ACTIVITY = Pick out all lines with the word "Stock" from the records that follow.

LISTED ENTRIES =
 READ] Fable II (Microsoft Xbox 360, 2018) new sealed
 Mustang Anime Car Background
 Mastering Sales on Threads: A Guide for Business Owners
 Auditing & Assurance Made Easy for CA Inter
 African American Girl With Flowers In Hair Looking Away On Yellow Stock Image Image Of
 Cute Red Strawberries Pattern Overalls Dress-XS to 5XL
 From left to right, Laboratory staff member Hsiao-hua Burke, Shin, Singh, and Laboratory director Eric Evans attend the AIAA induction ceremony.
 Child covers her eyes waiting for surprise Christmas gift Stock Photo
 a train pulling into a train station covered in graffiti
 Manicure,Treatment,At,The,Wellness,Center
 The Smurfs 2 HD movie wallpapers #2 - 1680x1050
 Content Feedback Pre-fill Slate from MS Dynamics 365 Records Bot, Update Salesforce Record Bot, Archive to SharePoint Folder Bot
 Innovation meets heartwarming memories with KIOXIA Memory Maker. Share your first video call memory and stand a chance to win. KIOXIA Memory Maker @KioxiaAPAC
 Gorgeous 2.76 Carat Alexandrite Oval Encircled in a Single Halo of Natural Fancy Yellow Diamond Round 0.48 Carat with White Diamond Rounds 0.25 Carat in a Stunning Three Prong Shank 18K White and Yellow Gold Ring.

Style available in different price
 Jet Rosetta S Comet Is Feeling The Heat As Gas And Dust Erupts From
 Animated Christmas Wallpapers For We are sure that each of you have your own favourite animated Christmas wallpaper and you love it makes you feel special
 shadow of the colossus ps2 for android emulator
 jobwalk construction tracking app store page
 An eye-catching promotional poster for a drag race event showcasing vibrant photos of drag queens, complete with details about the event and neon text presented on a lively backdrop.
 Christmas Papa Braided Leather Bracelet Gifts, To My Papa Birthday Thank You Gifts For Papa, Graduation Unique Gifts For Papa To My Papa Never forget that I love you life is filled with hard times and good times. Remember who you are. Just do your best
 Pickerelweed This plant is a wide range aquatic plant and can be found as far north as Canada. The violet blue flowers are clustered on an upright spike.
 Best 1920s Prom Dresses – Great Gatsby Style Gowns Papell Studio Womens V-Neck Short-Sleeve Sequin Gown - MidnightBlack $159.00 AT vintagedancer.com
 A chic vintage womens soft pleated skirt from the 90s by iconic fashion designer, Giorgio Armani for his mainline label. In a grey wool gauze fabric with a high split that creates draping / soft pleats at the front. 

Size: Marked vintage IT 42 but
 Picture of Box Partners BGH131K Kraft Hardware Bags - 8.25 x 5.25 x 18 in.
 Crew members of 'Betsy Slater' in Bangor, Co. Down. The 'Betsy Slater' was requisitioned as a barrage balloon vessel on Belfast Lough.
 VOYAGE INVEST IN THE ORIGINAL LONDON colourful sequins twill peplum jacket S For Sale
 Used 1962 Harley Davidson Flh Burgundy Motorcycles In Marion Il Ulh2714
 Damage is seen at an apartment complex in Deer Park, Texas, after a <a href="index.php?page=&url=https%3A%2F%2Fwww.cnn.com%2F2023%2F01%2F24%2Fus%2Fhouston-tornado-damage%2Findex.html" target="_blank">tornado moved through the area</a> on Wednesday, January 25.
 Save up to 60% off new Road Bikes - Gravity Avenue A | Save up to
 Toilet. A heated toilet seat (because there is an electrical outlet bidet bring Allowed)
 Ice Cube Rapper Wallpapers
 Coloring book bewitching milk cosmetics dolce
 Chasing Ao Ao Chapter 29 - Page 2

ANSWER TO THE PROBLEM =
 African American Girl With Flowers In Hair Looking Away On Yellow Stock Image Image Of
 Child covers her eyes waiting for surprise Christmas gift Stock Photo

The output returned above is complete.